**INSTRUCTIONS TO FOLLOW**
Copy all the records exactly; the complete set is the expected result.
[RECORDED INFORMATION Boundary: Start]
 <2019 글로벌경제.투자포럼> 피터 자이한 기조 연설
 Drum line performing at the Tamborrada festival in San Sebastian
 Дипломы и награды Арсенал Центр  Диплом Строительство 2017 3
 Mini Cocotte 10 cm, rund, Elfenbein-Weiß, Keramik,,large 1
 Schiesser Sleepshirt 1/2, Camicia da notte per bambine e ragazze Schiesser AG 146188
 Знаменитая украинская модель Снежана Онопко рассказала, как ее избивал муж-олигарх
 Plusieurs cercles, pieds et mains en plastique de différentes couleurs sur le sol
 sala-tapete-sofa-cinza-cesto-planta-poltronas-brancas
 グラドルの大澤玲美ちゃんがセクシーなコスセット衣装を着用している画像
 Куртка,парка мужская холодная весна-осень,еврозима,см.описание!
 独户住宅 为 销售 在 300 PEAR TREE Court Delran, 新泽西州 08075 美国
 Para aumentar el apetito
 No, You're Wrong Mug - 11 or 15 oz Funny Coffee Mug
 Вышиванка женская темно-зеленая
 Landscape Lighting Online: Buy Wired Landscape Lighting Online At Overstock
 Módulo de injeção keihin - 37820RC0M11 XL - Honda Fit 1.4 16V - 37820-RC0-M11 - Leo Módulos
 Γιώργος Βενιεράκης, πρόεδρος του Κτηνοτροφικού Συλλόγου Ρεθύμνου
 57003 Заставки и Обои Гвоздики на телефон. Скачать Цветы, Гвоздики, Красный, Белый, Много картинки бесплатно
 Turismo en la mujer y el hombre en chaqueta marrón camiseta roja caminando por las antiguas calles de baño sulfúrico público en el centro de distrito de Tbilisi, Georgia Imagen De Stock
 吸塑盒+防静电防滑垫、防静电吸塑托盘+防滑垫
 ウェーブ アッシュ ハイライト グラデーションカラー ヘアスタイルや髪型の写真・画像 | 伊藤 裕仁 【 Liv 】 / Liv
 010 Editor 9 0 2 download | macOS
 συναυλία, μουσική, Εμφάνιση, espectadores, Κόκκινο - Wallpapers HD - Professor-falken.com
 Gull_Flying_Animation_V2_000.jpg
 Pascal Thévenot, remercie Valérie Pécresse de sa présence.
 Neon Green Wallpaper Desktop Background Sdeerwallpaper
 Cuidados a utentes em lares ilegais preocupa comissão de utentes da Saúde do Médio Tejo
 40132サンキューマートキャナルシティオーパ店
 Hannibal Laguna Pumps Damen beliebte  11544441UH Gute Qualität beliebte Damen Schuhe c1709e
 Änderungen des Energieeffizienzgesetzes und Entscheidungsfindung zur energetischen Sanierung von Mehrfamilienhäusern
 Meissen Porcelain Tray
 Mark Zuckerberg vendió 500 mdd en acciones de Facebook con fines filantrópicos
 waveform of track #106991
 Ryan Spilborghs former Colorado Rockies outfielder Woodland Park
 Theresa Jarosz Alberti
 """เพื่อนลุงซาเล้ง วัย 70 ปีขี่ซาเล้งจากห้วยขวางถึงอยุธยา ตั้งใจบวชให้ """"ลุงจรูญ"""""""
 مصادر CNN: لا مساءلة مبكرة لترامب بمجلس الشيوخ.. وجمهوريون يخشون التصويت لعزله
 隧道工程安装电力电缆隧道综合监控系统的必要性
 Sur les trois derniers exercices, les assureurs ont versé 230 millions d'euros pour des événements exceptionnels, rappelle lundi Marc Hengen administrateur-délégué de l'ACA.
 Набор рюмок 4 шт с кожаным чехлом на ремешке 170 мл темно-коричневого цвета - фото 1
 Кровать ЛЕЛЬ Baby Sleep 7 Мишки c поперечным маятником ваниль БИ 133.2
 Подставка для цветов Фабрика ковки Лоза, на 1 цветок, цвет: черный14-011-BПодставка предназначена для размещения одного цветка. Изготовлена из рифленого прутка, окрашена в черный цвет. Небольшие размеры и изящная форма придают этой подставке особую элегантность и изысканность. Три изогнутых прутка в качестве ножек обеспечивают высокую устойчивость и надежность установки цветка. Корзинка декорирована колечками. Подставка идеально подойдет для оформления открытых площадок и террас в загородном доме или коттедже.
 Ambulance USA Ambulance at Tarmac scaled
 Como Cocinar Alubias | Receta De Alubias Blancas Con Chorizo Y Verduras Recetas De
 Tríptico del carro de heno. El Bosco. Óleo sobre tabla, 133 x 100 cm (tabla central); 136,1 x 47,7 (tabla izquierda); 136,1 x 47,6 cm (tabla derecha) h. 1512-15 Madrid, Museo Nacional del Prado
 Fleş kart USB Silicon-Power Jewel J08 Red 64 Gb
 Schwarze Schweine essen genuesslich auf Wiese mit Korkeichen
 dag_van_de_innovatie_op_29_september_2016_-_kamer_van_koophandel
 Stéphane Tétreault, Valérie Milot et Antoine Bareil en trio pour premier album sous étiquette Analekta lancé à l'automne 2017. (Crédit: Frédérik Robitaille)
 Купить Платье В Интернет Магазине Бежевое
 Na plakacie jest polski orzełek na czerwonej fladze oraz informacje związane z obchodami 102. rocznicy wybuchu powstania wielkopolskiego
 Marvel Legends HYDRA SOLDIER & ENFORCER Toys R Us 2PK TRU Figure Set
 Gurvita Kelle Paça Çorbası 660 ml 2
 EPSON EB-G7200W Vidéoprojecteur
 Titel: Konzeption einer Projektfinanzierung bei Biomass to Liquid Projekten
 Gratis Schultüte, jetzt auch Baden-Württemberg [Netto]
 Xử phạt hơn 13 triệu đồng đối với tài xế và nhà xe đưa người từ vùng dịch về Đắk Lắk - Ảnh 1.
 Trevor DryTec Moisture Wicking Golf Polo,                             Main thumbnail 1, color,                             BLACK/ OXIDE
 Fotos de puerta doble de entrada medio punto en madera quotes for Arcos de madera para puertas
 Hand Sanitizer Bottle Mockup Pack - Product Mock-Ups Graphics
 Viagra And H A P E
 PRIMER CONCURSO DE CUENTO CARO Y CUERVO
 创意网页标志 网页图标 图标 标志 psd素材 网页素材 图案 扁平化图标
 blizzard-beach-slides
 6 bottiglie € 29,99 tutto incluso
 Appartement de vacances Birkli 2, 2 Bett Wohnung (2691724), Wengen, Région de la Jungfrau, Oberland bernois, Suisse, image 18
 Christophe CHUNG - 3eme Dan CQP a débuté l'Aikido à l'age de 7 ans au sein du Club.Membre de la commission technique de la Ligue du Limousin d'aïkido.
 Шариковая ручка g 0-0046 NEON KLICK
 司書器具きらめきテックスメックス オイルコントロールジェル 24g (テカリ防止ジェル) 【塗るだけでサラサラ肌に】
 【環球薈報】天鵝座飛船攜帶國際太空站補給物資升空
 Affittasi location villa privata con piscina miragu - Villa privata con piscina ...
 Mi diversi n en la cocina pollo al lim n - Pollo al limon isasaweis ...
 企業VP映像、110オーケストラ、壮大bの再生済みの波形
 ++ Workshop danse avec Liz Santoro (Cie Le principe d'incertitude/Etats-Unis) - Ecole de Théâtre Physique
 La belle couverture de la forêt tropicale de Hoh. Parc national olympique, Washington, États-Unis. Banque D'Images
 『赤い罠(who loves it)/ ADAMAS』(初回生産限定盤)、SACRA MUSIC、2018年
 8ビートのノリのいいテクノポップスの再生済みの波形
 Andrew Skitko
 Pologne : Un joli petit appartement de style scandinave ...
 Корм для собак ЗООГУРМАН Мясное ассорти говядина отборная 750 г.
[RECORDED INFORMATION Boundary: End]
**WRITTEN REPLY**
 <2019 글로벌경제.투자포럼> 피터 자이한 기조 연설
 Drum line performing at the Tamborrada festival in San Sebastian
 Дипломы и награды Арсенал Центр  Диплом Строительство 2017 3
 Mini Cocotte 10 cm, rund, Elfenbein-Weiß, Keramik,,large 1
 Schiesser Sleepshirt 1/2, Camicia da notte per bambine e ragazze Schiesser AG 146188
 Знаменитая украинская модель Снежана Онопко рассказала, как ее избивал муж-олигарх
 Plusieurs cercles, pieds et mains en plastique de différentes couleurs sur le sol
 sala-tapete-sofa-cinza-cesto-planta-poltronas-brancas
 グラドルの大澤玲美ちゃんがセクシーなコスセット衣装を着用している画像
 Куртка,парка мужская холодная весна-осень,еврозима,см.описание!
 独户住宅 为 销售 在 300 PEAR TREE Court Delran, 新泽西州 08075 美国
 Para aumentar el apetito
 No, You're Wrong Mug - 11 or 15 oz Funny Coffee Mug
 Вышиванка женская темно-зеленая
 Landscape Lighting Online: Buy Wired Landscape Lighting Online At Overstock
 Módulo de injeção keihin - 37820RC0M11 XL - Honda Fit 1.4 16V - 37820-RC0-M11 - Leo Módulos
 Γιώργος Βενιεράκης, πρόεδρος του Κτηνοτροφικού Συλλόγου Ρεθύμνου
 57003 Заставки и Обои Гвоздики на телефон. Скачать Цветы, Гвоздики, Красный, Белый, Много картинки бесплатно
 Turismo en la mujer y el hombre en chaqueta marrón camiseta roja caminando por las antiguas calles de baño sulfúrico público en el centro de distrito de Tbilisi, Georgia Imagen De Stock
 吸塑盒+防静电防滑垫、防静电吸塑托盘+防滑垫
 ウェーブ アッシュ ハイライト グラデーションカラー ヘアスタイルや髪型の写真・画像 | 伊藤 裕仁 【 Liv 】 / Liv
 010 Editor 9 0 2 download | macOS
 συναυλία, μουσική, Εμφάνιση, espectadores, Κόκκινο - Wallpapers HD - Professor-falken.com
 Gull_Flying_Animation_V2_000.jpg
 Pascal Thévenot, remercie Valérie Pécresse de sa présence.
 Neon Green Wallpaper Desktop Background Sdeerwallpaper
 Cuidados a utentes em lares ilegais preocupa comissão de utentes da Saúde do Médio Tejo
 40132サンキューマートキャナルシティオーパ店
 Hannibal Laguna Pumps Damen beliebte  11544441UH Gute Qualität beliebte Damen Schuhe c1709e
 Änderungen des Energieeffizienzgesetzes und Entscheidungsfindung zur energetischen Sanierung von Mehrfamilienhäusern
 Meissen Porcelain Tray
 Mark Zuckerberg vendió 500 mdd en acciones de Facebook con fines filantrópicos
 waveform of track #106991
 Ryan Spilborghs former Colorado Rockies outfielder Woodland Park
 Theresa Jarosz Alberti
 """เพื่อนลุงซาเล้ง วัย 70 ปีขี่ซาเล้งจากห้วยขวางถึงอยุธยา ตั้งใจบวชให้ """"ลุงจรูญ"""""""
 مصادر CNN: لا مساءلة مبكرة لترامب بمجلس الشيوخ.. وجمهوريون يخشون التصويت لعزله
 隧道工程安装电力电缆隧道综合监控系统的必要性
 Sur les trois derniers exercices, les assureurs ont versé 230 millions d'euros pour des événements exceptionnels, rappelle lundi Marc Hengen administrateur-délégué de l'ACA.
 Набор рюмок 4 шт с кожаным чехлом на ремешке 170 мл темно-коричневого цвета - фото 1
 Кровать ЛЕЛЬ Baby Sleep 7 Мишки c поперечным маятником ваниль БИ 133.2
 Подставка для цветов Фабрика ковки Лоза, на 1 цветок, цвет: черный14-011-BПодставка предназначена для размещения одного цветка. Изготовлена из рифленого прутка, окрашена в черный цвет. Небольшие размеры и изящная форма придают этой подставке особую элегантность и изысканность. Три изогнутых прутка в качестве ножек обеспечивают высокую устойчивость и надежность установки цветка. Корзинка декорирована колечками. Подставка идеально подойдет для оформления открытых площадок и террас в загородном доме или коттедже.
 Ambulance USA Ambulance at Tarmac scaled
 Como Cocinar Alubias | Receta De Alubias Blancas Con Chorizo Y Verduras Recetas De
 Tríptico del carro de heno. El Bosco. Óleo sobre tabla, 133 x 100 cm (tabla central); 136,1 x 47,7 (tabla izquierda); 136,1 x 47,6 cm (tabla derecha) h. 1512-15 Madrid, Museo Nacional del Prado
 Fleş kart USB Silicon-Power Jewel J08 Red 64 Gb
 Schwarze Schweine essen genuesslich auf Wiese mit Korkeichen
 dag_van_de_innovatie_op_29_september_2016_-_kamer_van_koophandel
 Stéphane Tétreault, Valérie Milot et Antoine Bareil en trio pour premier album sous étiquette Analekta lancé à l'automne 2017. (Crédit: Frédérik Robitaille)
 Купить Платье В Интернет Магазине Бежевое
 Na plakacie jest polski orzełek na czerwonej fladze oraz informacje związane z obchodami 102. rocznicy wybuchu powstania wielkopolskiego
 Marvel Legends HYDRA SOLDIER & ENFORCER Toys R Us 2PK TRU Figure Set
 Gurvita Kelle Paça Çorbası 660 ml 2
 EPSON EB-G7200W Vidéoprojecteur
 Titel: Konzeption einer Projektfinanzierung bei Biomass to Liquid Projekten
 Gratis Schultüte, jetzt auch Baden-Württemberg [Netto]
 Xử phạt hơn 13 triệu đồng đối với tài xế và nhà xe đưa người từ vùng dịch về Đắk Lắk - Ảnh 1.
 Trevor DryTec Moisture Wicking Golf Polo,                             Main thumbnail 1, color,                             BLACK/ OXIDE
 Fotos de puerta doble de entrada medio punto en madera quotes for Arcos de madera para puertas
 Hand Sanitizer Bottle Mockup Pack - Product Mock-Ups Graphics
 Viagra And H A P E
 PRIMER CONCURSO DE CUENTO CARO Y CUERVO
 创意网页标志 网页图标 图标 标志 psd素材 网页素材 图案 扁平化图标
 blizzard-beach-slides
 6 bottiglie € 29,99 tutto incluso
 Appartement de vacances Birkli 2, 2 Bett Wohnung (2691724), Wengen, Région de la Jungfrau, Oberland bernois, Suisse, image 18
 Christophe CHUNG - 3eme Dan CQP a débuté l'Aikido à l'age de 7 ans au sein du Club.Membre de la commission technique de la Ligue du Limousin d'aïkido.
 Шариковая ручка g 0-0046 NEON KLICK
 司書器具きらめきテックスメックス オイルコントロールジェル 24g (テカリ防止ジェル) 【塗るだけでサラサラ肌に】
 【環球薈報】天鵝座飛船攜帶國際太空站補給物資升空
 Affittasi location villa privata con piscina miragu - Villa privata con piscina ...
 Mi diversi n en la cocina pollo al lim n - Pollo al limon isasaweis ...
 企業VP映像、110オーケストラ、壮大bの再生済みの波形
 ++ Workshop danse avec Liz Santoro (Cie Le principe d'incertitude/Etats-Unis) - Ecole de Théâtre Physique
 La belle couverture de la forêt tropicale de Hoh. Parc national olympique, Washington, États-Unis. Banque D'Images
 『赤い罠(who loves it)/ ADAMAS』(初回生産限定盤)、SACRA MUSIC、2018年
 8ビートのノリのいいテクノポップスの再生済みの波形
 Andrew Skitko
 Pologne : Un joli petit appartement de style scandinave ...
 Корм для собак ЗООГУРМАН Мясное ассорти говядина отборная 750 г.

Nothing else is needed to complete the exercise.